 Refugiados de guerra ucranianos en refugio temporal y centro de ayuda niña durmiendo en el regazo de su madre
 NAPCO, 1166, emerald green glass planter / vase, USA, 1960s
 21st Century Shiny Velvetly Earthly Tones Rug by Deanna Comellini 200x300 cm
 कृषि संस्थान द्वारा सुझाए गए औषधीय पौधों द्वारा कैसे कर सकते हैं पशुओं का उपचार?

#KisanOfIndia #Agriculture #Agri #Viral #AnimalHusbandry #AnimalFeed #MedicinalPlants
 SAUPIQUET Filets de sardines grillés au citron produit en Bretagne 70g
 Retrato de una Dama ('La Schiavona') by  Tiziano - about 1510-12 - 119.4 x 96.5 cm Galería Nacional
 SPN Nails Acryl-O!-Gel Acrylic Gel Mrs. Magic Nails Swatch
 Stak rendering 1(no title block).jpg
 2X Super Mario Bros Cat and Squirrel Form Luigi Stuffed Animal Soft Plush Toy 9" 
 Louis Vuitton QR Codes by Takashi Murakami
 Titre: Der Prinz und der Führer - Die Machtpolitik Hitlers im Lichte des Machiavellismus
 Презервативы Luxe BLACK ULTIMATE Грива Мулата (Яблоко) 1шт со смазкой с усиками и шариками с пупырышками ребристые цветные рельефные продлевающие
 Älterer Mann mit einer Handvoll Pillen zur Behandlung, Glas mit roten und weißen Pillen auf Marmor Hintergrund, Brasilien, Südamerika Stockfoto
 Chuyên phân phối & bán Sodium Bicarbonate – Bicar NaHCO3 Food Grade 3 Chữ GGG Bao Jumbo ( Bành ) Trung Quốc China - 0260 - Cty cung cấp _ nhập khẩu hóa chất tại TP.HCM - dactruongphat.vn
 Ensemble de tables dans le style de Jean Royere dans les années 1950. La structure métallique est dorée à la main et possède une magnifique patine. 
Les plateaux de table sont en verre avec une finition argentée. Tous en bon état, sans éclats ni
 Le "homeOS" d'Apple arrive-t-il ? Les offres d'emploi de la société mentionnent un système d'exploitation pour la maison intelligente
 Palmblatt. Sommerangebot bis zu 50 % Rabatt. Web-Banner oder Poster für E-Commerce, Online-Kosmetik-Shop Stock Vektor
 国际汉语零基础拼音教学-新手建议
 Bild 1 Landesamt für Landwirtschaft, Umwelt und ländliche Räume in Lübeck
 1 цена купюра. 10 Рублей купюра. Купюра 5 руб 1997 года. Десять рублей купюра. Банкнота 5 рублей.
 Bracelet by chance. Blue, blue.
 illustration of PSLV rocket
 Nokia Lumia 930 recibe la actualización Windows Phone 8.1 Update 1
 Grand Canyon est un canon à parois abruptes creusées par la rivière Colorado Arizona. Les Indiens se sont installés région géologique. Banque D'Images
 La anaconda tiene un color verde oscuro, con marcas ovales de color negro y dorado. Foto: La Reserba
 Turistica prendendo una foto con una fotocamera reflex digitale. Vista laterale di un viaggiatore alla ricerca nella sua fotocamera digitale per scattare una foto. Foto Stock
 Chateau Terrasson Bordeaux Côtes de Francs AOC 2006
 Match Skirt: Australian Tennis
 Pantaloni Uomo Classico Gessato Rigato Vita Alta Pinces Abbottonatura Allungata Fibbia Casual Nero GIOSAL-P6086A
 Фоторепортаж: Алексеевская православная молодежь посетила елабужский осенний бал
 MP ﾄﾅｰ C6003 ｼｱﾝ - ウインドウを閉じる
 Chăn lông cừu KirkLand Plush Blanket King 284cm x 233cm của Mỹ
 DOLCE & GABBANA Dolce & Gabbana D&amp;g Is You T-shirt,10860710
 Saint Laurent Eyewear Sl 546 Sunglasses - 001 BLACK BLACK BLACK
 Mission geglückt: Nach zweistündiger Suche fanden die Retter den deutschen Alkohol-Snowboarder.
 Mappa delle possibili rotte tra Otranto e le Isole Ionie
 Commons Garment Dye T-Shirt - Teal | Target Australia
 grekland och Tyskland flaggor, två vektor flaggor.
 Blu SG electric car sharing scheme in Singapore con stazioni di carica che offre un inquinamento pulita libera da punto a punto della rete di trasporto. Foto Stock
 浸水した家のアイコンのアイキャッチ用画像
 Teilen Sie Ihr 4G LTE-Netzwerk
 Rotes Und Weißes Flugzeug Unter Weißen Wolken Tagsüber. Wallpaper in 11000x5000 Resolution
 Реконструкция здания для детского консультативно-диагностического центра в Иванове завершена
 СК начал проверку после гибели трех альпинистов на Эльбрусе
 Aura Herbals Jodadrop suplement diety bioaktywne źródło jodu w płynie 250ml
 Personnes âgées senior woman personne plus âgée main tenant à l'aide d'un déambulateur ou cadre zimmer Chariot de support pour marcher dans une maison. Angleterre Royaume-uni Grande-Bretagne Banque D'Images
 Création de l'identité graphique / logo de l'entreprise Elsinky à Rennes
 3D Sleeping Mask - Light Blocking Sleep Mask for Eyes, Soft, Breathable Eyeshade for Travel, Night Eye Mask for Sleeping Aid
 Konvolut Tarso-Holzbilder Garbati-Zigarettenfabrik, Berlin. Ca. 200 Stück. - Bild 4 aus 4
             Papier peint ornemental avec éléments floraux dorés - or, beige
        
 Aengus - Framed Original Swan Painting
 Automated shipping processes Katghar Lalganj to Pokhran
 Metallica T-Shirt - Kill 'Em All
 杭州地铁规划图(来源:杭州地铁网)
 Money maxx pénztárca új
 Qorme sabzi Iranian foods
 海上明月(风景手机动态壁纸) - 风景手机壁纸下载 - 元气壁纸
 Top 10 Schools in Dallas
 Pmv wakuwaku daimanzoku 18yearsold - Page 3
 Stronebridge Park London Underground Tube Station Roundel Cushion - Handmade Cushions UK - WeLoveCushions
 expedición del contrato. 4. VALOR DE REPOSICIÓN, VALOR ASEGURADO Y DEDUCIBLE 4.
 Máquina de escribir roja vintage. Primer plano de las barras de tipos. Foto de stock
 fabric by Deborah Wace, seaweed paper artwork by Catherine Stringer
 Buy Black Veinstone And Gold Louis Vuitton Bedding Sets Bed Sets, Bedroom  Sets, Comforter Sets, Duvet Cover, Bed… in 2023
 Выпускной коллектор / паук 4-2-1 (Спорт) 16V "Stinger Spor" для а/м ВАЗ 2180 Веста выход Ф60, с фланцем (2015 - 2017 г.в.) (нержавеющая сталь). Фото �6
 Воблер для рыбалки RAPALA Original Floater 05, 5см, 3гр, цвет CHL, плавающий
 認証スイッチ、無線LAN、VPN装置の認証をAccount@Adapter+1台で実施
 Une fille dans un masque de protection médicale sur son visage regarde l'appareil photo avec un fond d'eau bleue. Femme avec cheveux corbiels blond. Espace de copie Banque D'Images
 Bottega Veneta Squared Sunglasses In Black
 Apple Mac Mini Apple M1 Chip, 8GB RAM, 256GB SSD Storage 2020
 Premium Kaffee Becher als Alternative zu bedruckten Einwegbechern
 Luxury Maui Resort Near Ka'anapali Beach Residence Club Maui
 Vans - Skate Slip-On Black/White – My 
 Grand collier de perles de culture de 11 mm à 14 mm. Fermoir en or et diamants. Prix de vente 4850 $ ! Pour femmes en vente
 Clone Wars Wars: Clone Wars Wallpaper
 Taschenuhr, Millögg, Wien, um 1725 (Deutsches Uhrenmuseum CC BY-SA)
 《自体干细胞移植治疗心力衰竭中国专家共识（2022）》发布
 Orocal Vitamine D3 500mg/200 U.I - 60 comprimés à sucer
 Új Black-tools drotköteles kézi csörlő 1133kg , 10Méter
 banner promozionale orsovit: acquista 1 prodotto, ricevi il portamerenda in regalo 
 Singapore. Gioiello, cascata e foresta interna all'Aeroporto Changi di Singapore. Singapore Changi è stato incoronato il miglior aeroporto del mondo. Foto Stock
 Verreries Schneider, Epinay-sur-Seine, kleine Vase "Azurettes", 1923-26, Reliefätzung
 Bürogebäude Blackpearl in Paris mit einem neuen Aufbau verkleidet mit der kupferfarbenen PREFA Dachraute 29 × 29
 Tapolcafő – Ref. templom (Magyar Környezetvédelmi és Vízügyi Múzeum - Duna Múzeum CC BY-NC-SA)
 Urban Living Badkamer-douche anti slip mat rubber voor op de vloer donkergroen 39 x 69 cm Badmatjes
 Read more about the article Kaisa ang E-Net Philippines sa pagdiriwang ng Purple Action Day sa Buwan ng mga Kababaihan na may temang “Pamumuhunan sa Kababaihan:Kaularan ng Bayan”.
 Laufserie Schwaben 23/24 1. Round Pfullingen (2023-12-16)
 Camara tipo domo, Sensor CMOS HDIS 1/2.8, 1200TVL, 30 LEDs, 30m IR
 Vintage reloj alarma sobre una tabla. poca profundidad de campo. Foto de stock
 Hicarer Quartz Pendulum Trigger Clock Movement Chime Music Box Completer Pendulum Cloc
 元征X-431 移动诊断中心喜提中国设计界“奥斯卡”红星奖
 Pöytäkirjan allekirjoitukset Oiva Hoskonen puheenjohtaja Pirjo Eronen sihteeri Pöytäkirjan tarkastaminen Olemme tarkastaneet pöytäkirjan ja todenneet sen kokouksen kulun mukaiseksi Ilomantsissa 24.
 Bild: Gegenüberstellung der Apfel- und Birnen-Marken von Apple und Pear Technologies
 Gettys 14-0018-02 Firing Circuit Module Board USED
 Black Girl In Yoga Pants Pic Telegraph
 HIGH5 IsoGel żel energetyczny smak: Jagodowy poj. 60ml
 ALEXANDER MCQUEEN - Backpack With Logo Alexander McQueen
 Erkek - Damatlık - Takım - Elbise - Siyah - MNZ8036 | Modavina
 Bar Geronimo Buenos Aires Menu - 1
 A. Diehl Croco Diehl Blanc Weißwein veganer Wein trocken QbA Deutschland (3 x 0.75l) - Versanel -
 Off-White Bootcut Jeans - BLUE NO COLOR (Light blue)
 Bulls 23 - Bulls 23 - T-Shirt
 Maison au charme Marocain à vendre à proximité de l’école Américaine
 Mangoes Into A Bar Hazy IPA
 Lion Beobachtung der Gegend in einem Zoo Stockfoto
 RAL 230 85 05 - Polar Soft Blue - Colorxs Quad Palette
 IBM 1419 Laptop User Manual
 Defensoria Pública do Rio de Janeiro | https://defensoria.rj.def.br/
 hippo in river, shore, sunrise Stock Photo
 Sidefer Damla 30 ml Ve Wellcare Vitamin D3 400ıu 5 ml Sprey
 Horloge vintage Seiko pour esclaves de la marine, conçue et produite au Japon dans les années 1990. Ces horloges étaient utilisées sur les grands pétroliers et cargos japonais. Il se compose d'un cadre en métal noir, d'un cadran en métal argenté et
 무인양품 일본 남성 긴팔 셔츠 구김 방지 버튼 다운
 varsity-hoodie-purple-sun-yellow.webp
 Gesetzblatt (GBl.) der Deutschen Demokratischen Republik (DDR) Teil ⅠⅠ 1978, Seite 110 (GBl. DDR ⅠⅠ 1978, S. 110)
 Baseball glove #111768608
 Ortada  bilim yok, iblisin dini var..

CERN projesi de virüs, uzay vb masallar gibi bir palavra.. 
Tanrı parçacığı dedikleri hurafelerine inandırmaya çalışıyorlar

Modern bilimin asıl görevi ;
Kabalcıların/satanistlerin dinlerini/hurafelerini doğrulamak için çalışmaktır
========
#### Assigned task
Keep both end lines and retype everything in the records above from the line containing "Louis Vuitton QR Codes by Takashi Murakami" through the line containing "Älterer Mann mit", exactly, with nothing else.

#### Exercise response
 Louis Vuitton QR Codes by Takashi Murakami
 Titre: Der Prinz und der Führer - Die Machtpolitik Hitlers im Lichte des Machiavellismus
 Презервативы Luxe BLACK ULTIMATE Грива Мулата (Яблоко) 1шт со смазкой с усиками и шариками с пупырышками ребристые цветные рельефные продлевающие
 Älterer Mann mit einer Handvoll Pillen zur Behandlung, Glas mit roten und weißen Pillen auf Marmor Hintergrund, Brasilien, Südamerika Stockfoto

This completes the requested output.